> _What is expected_
Line by line, copy out the entries exactly and leave the pictures behind.

==== Exercise data

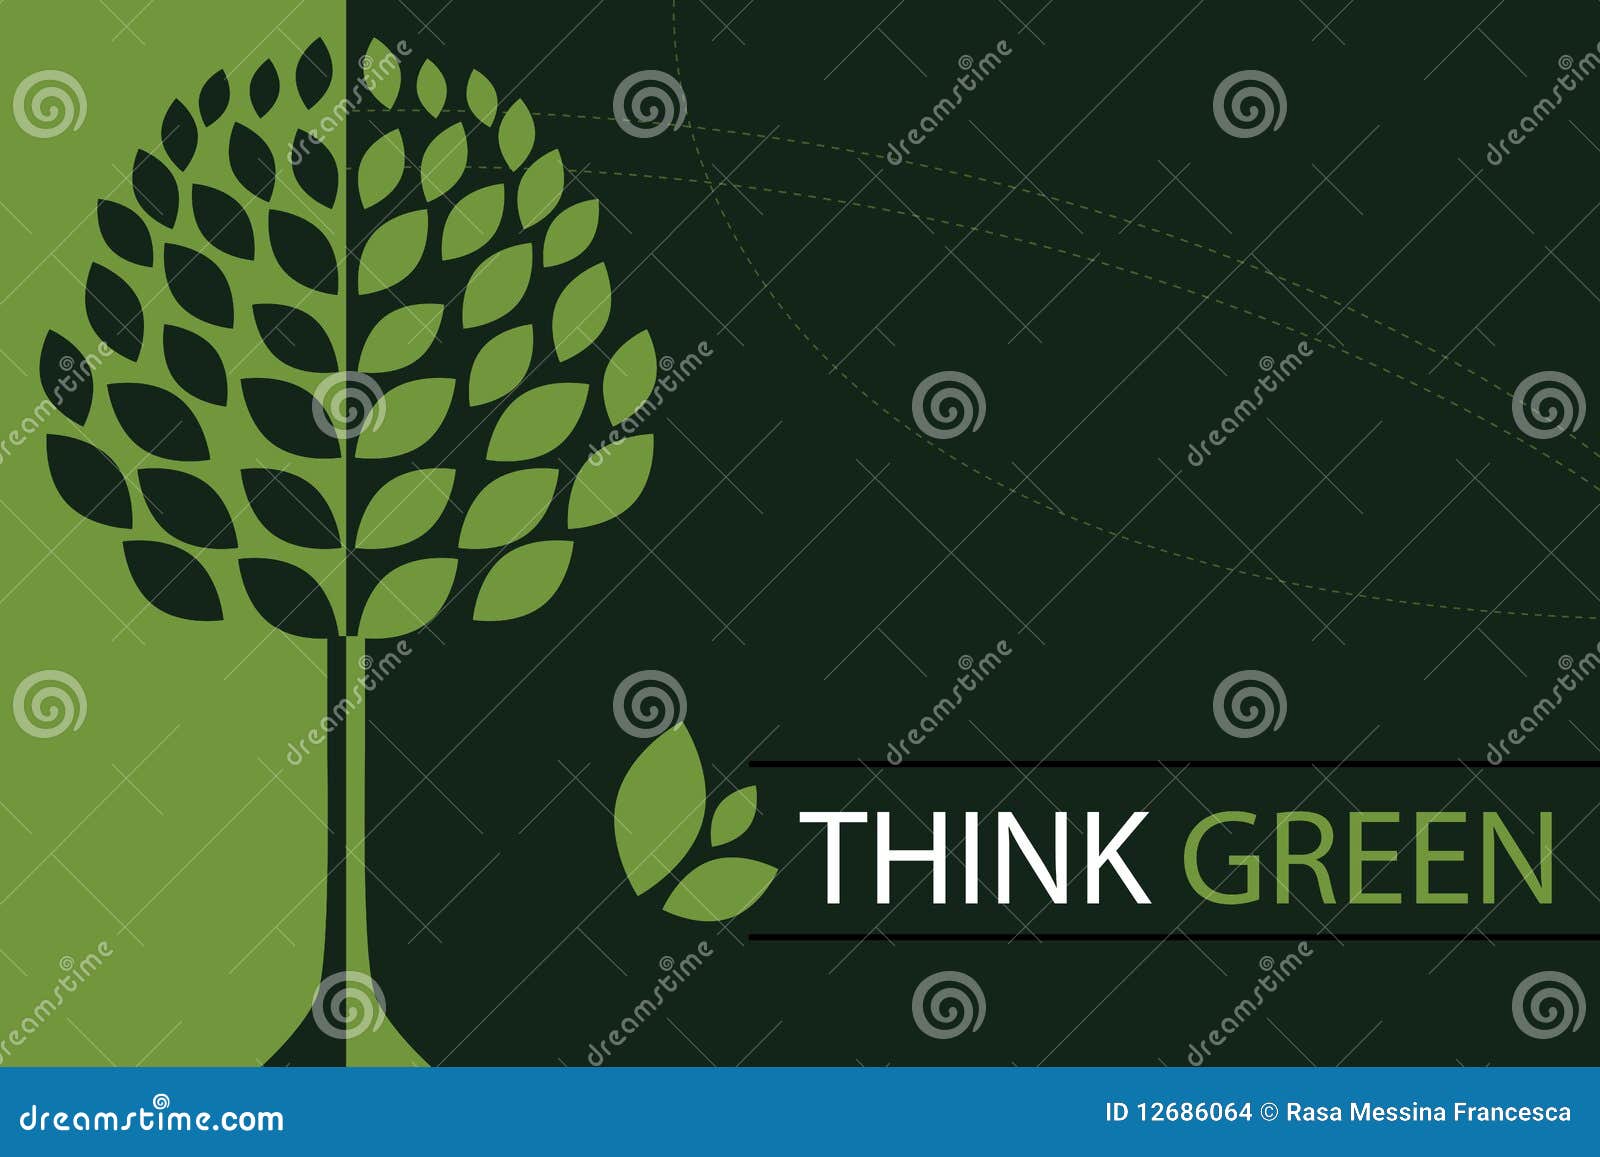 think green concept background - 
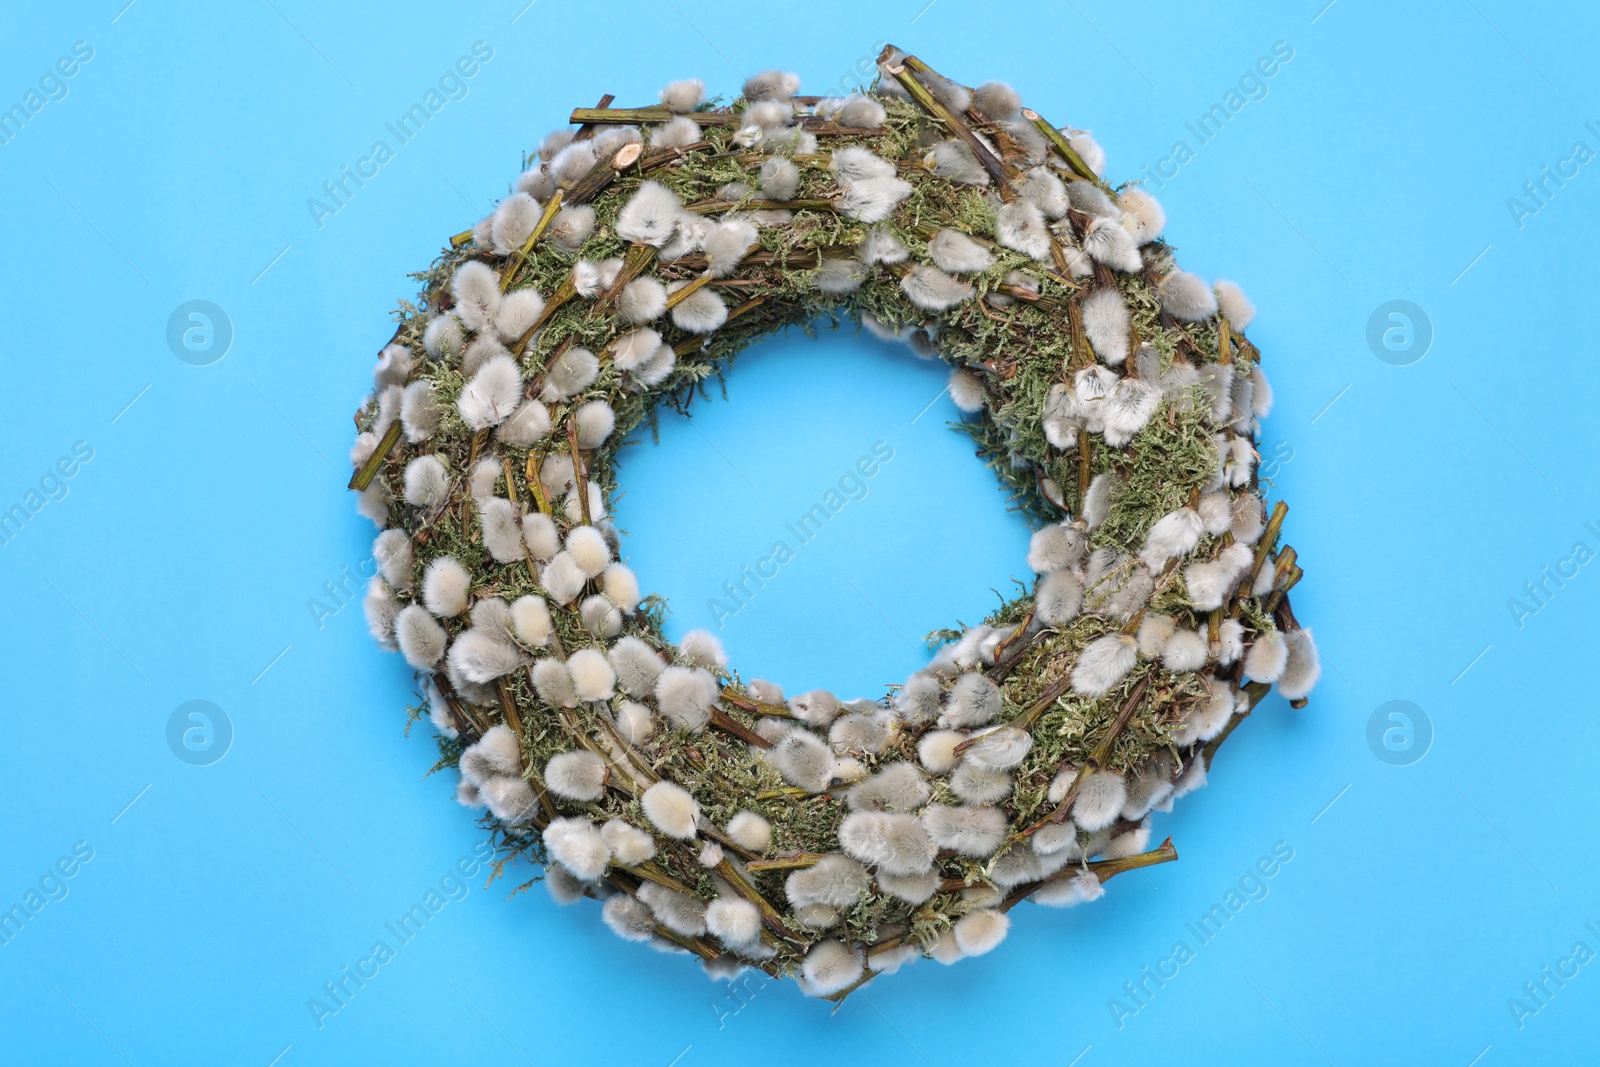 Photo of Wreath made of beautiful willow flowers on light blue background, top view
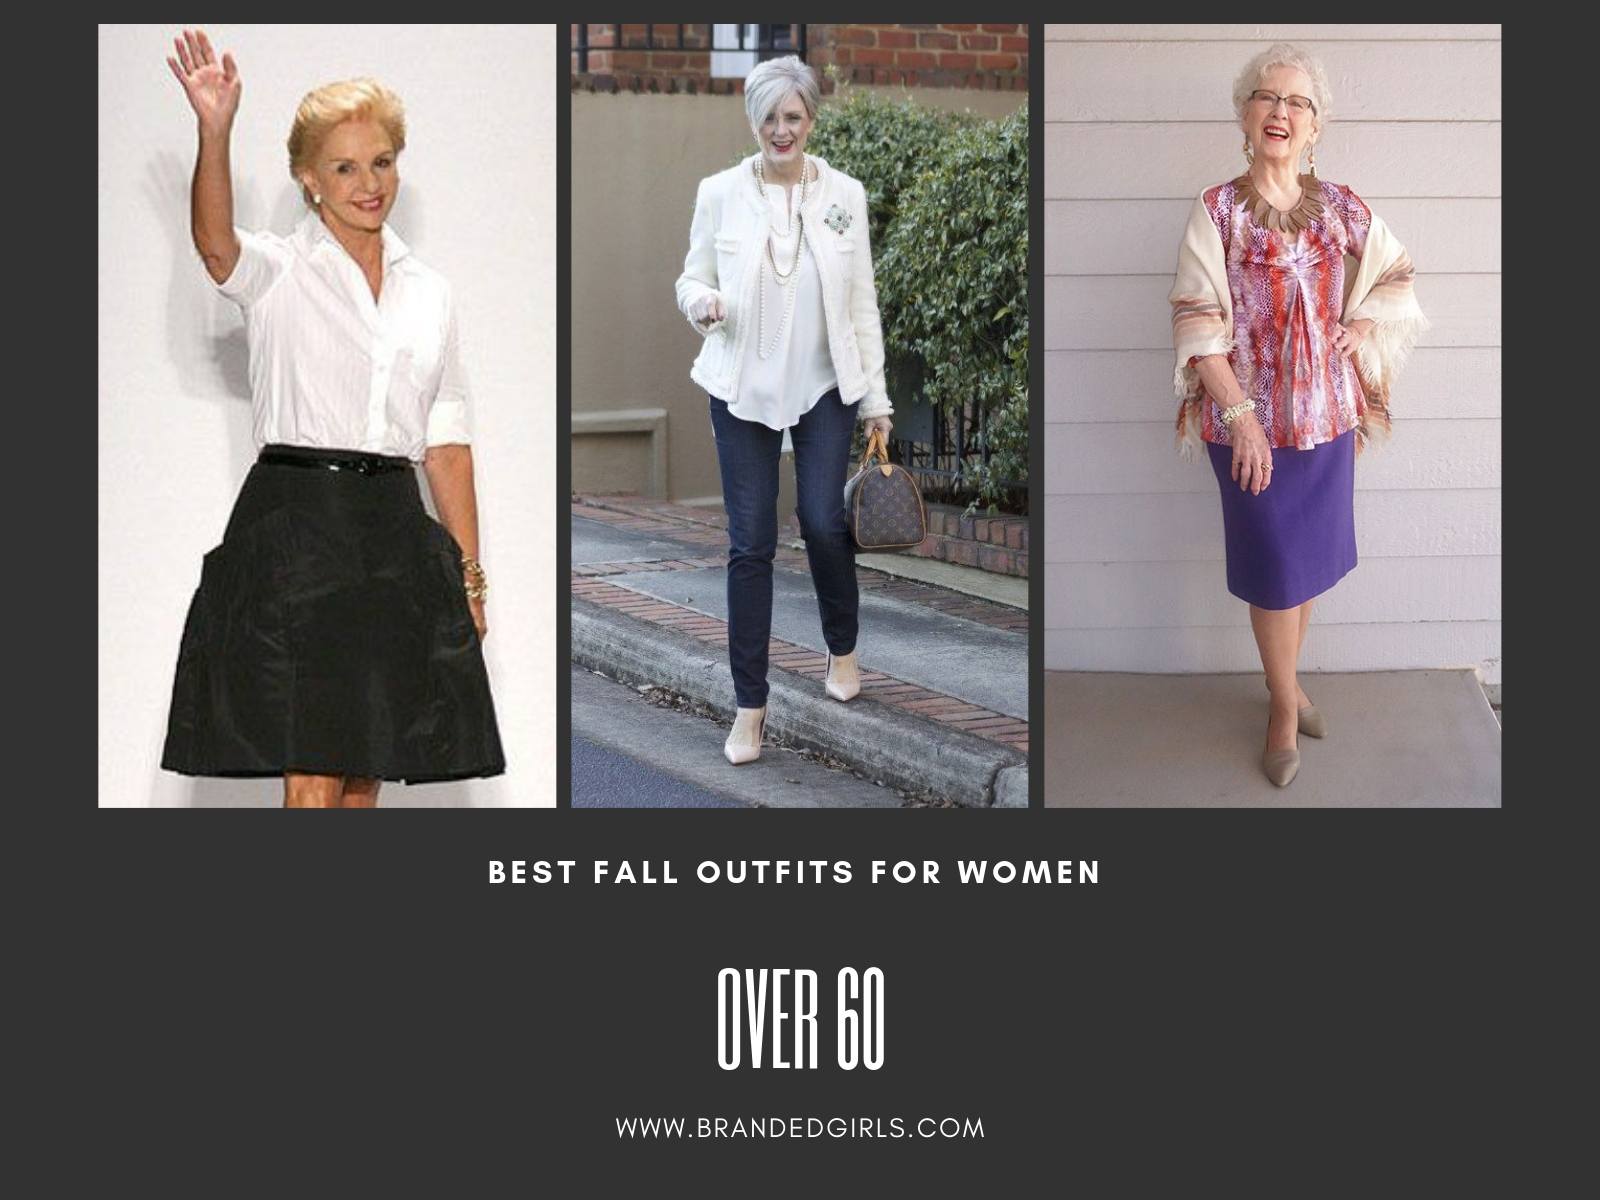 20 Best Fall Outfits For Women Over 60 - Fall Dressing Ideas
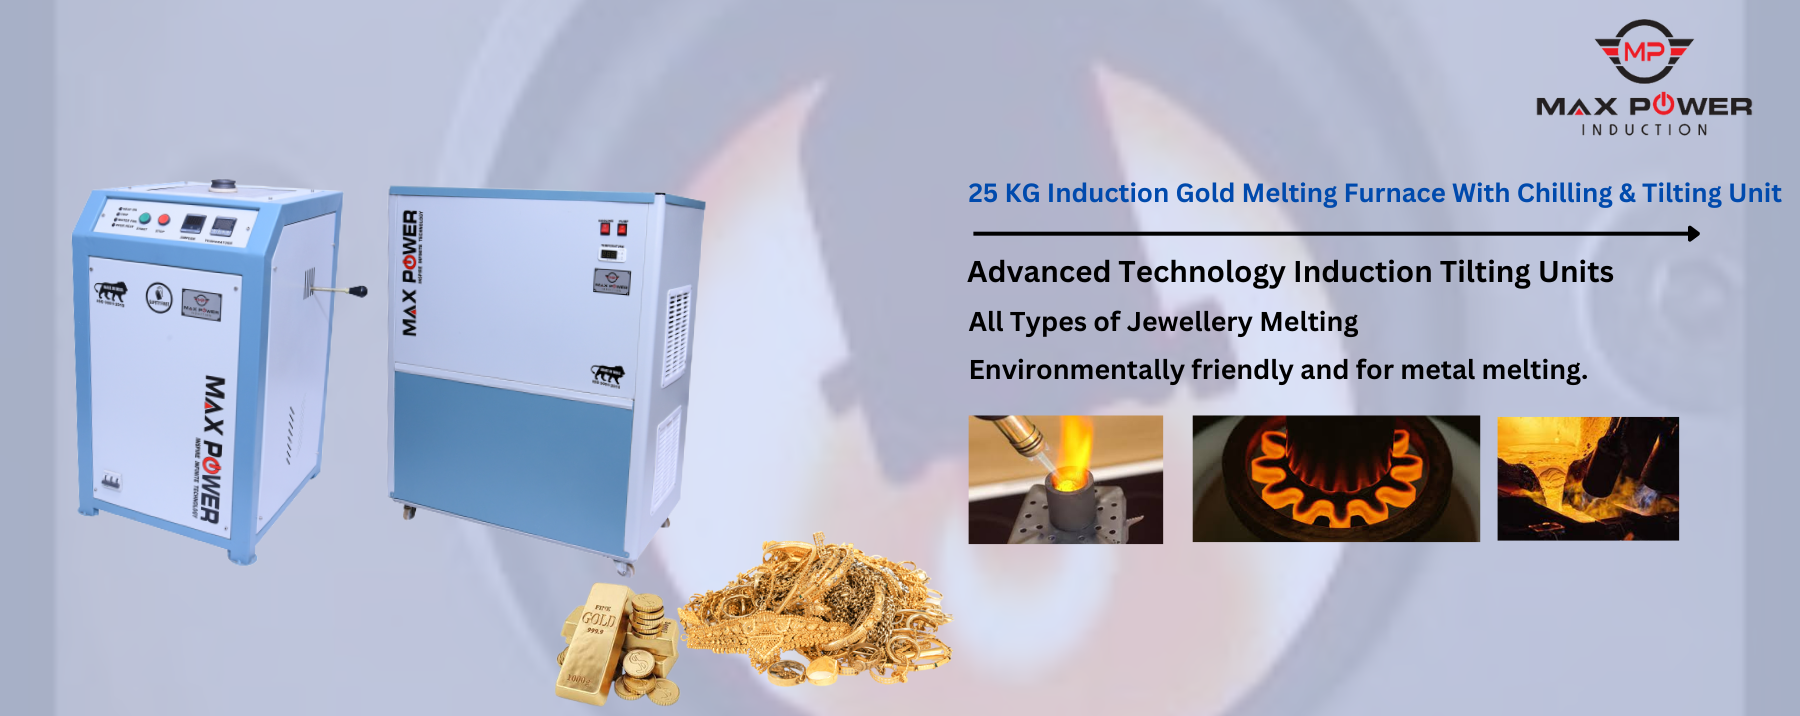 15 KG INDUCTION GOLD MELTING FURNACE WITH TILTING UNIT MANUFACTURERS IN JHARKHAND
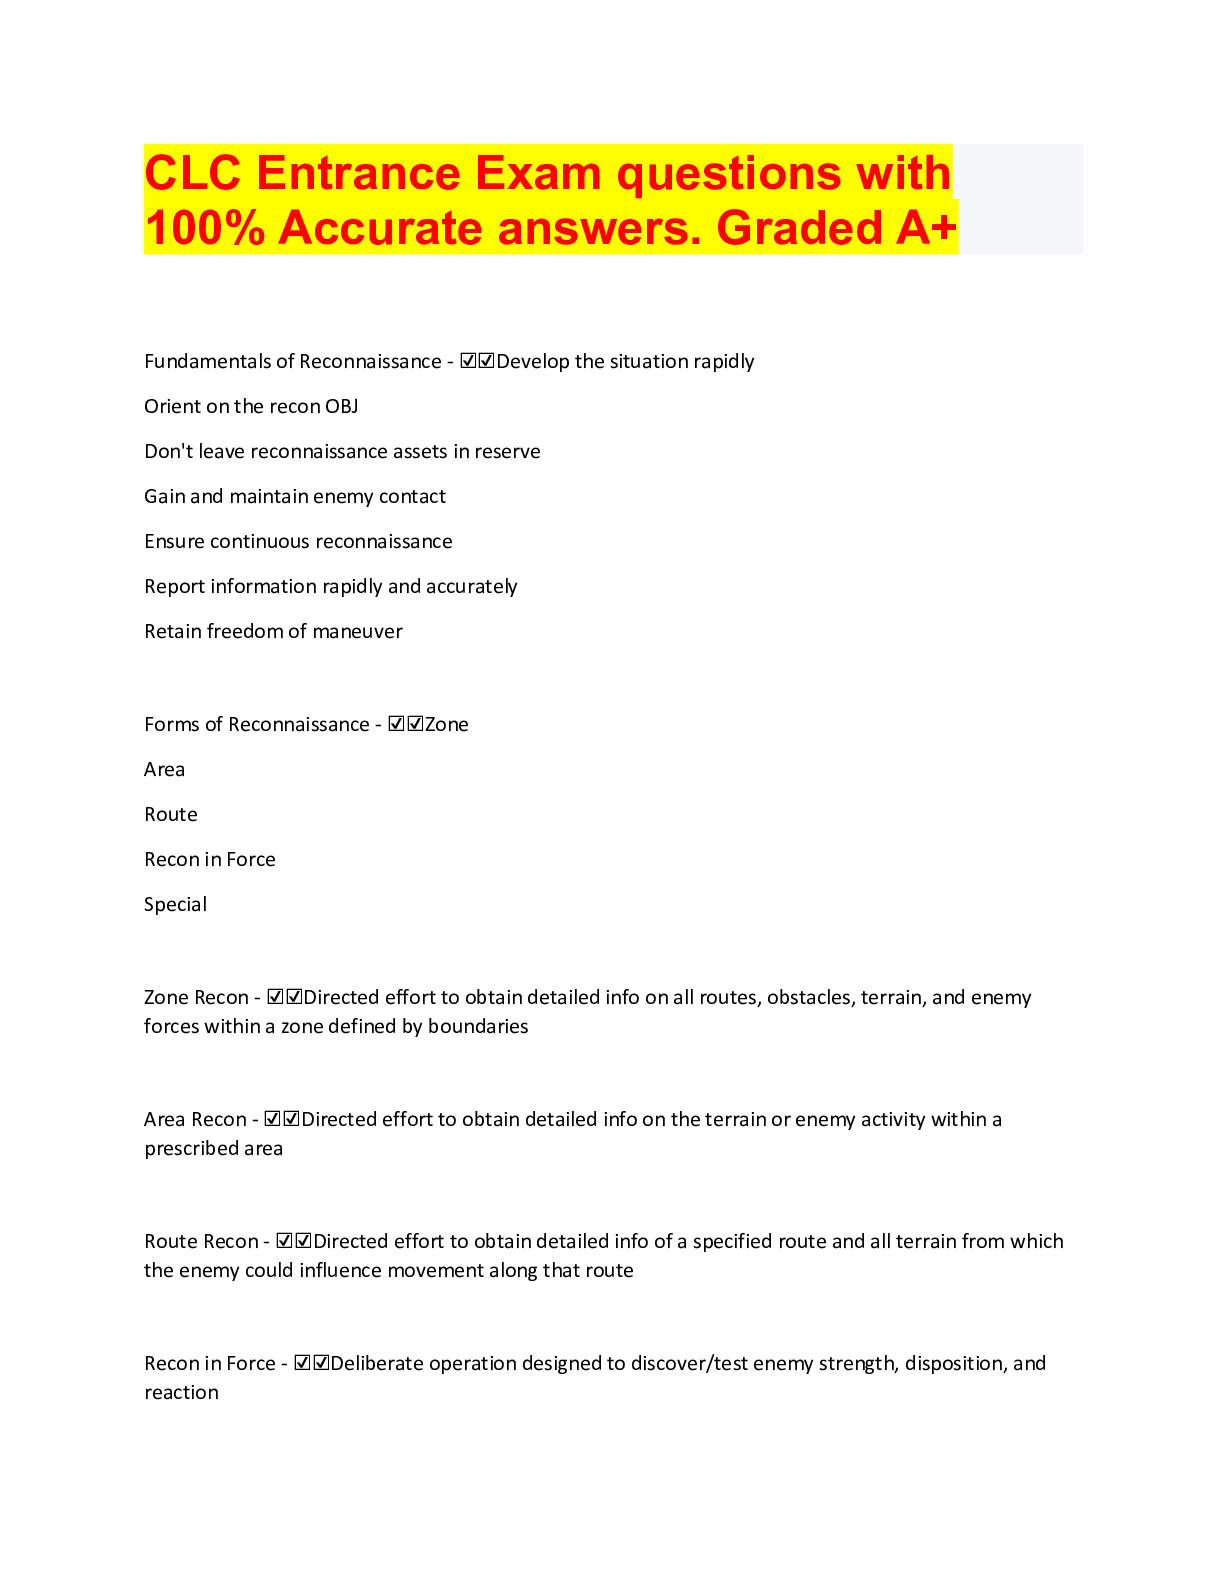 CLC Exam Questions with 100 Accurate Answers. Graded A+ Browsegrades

========

> _Completed exercise_
 think green concept background - 
 Photo of Wreath made of beautiful willow flowers on light blue background, top view
 20 Best Fall Outfits For Women Over 60 - Fall Dressing Ideas
 15 KG INDUCTION GOLD MELTING FURNACE WITH TILTING UNIT MANUFACTURERS IN JHARKHAND
 CLC Exam Questions with 100 Accurate Answers. Graded A+ Browsegrades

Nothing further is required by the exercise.